_INSTRUCTIONS FOR THE TASK_:
Exact copies of the lines below are the goal; any images in them are dropped.

_DATA_:
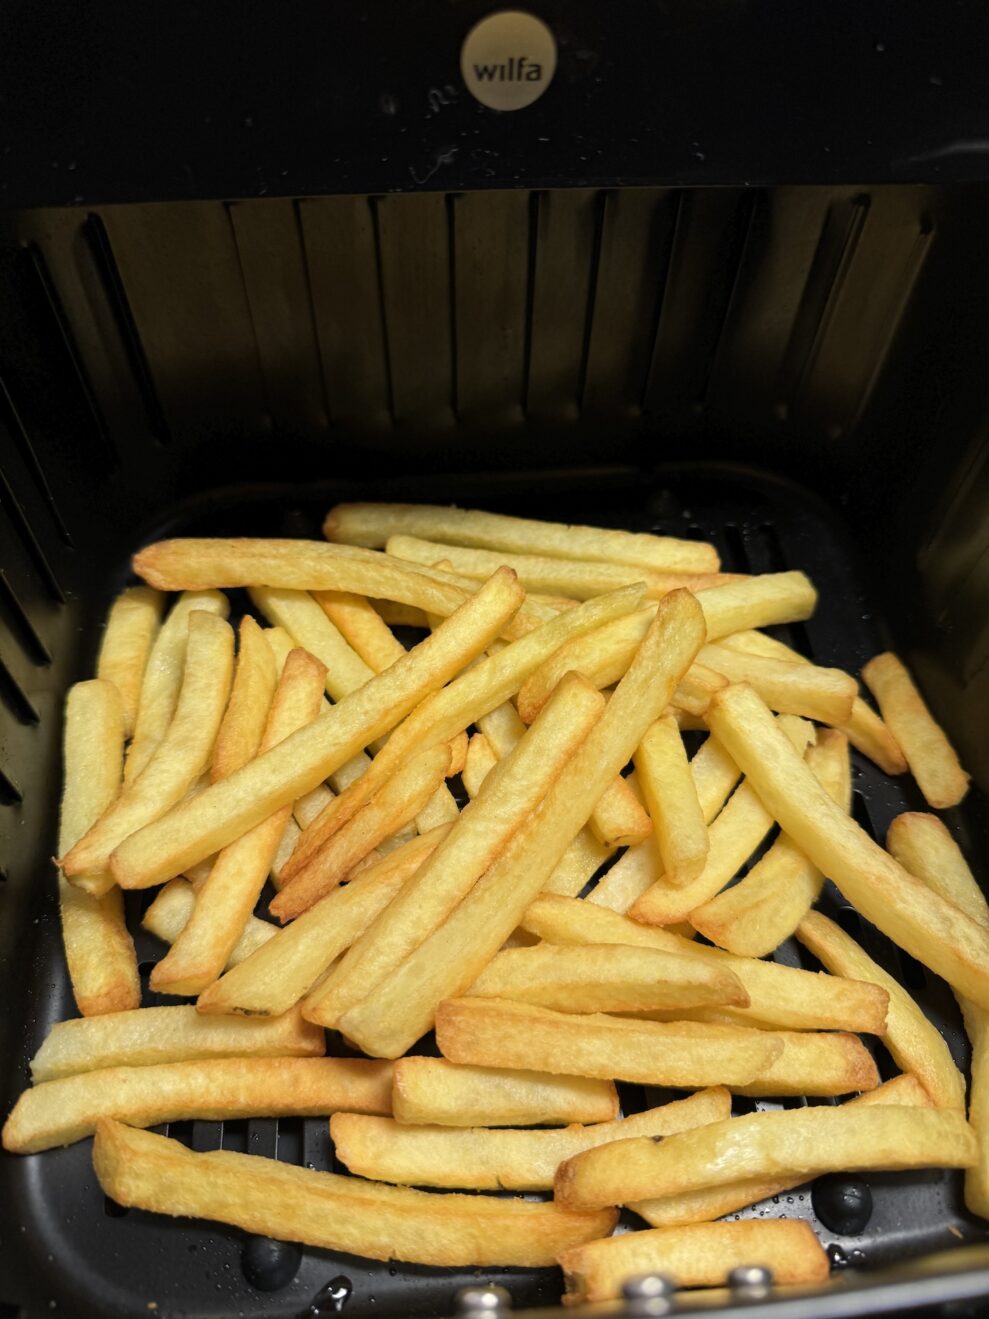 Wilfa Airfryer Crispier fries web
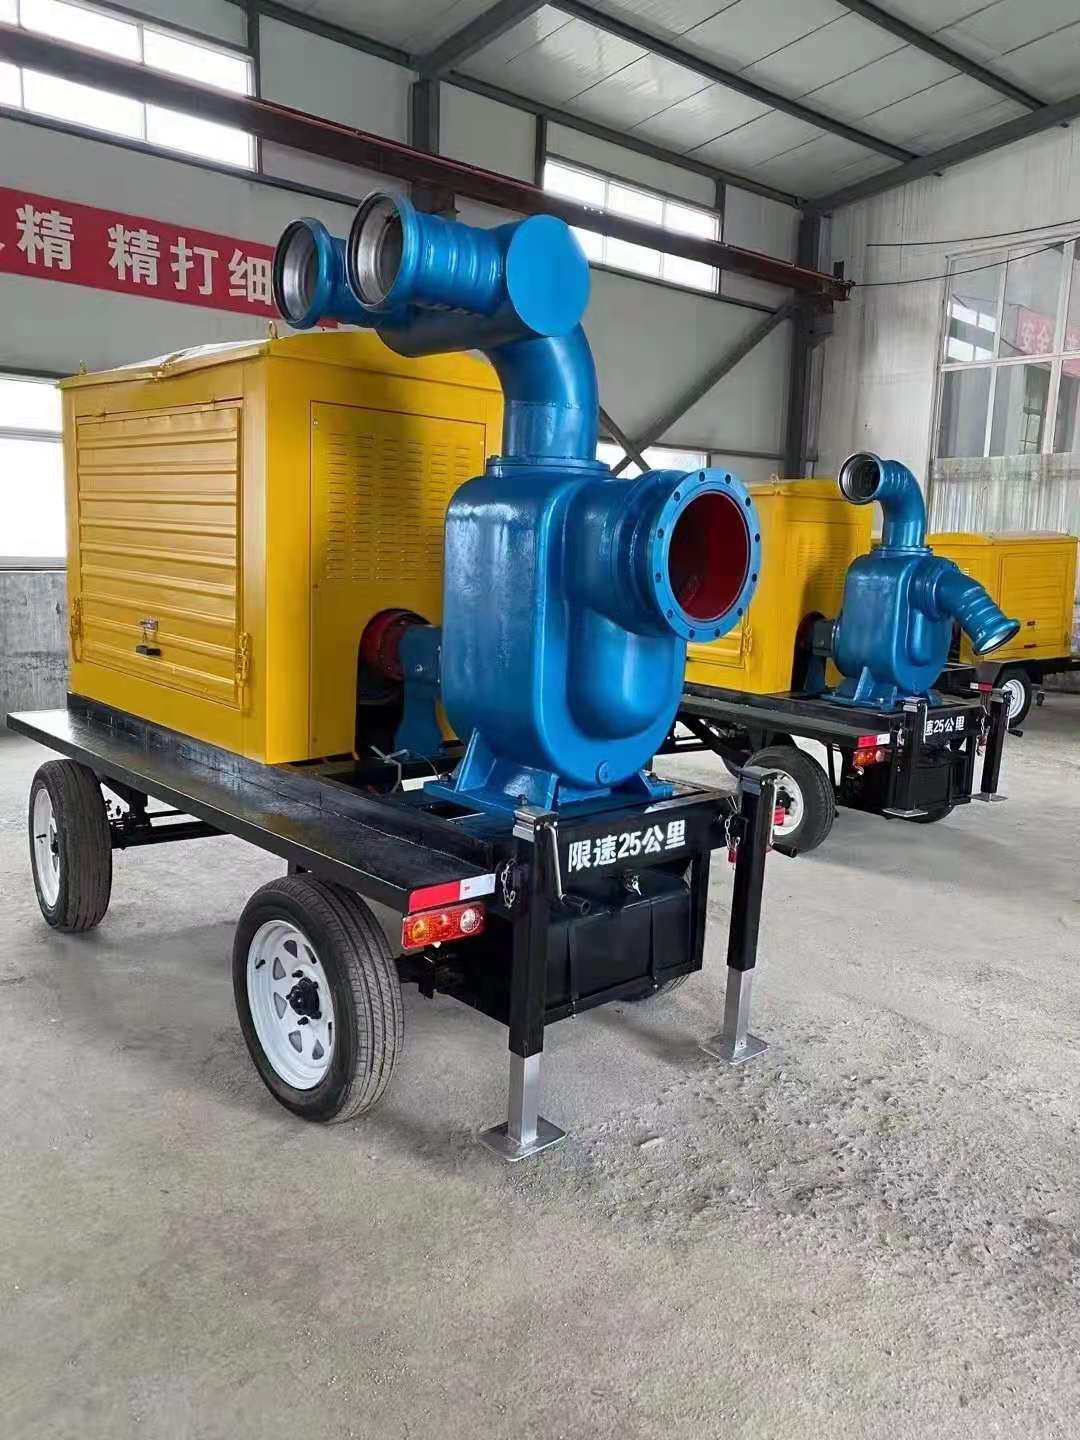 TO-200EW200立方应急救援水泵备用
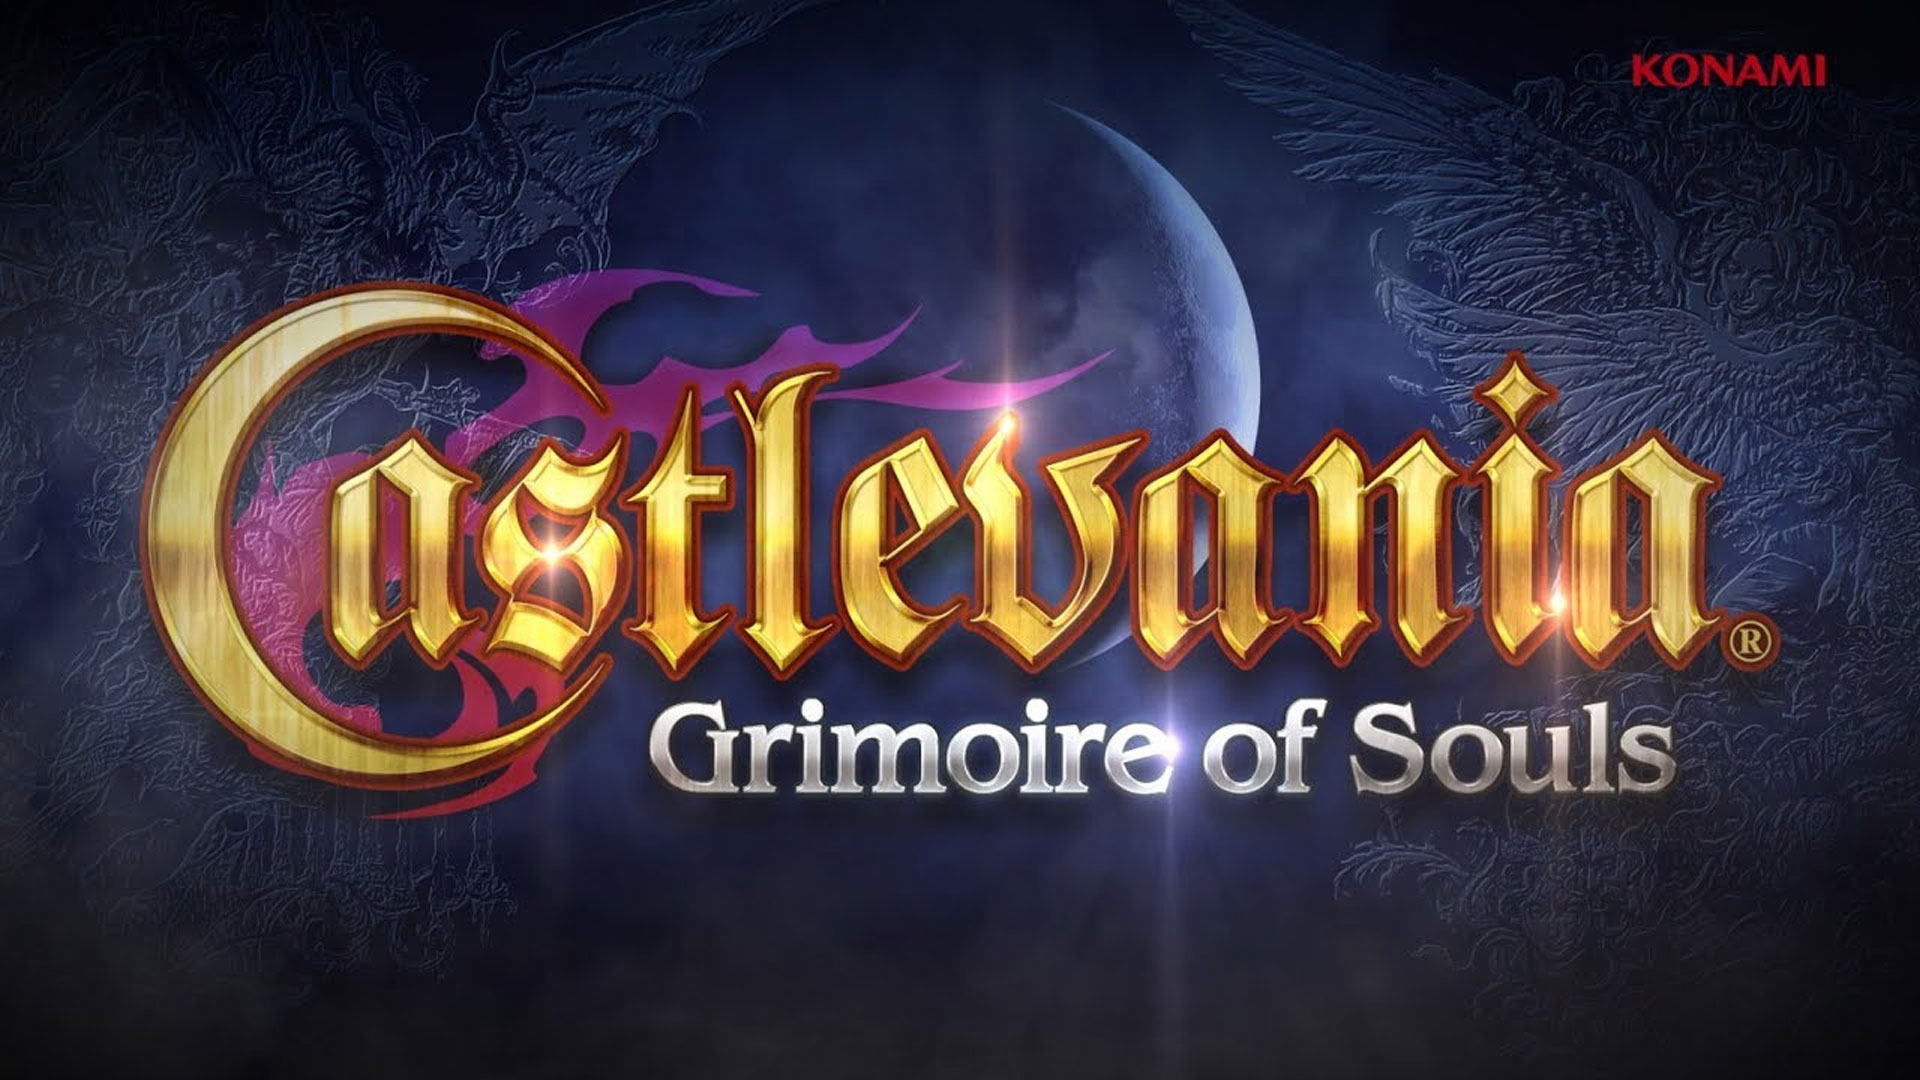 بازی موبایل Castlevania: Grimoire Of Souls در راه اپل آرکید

_SOLVED PROBLEM_:
 Wilfa Airfryer Crispier fries web
 TO-200EW200立方应急救援水泵备用
 بازی موبایل Castlevania: Grimoire Of Souls در راه اپل آرکید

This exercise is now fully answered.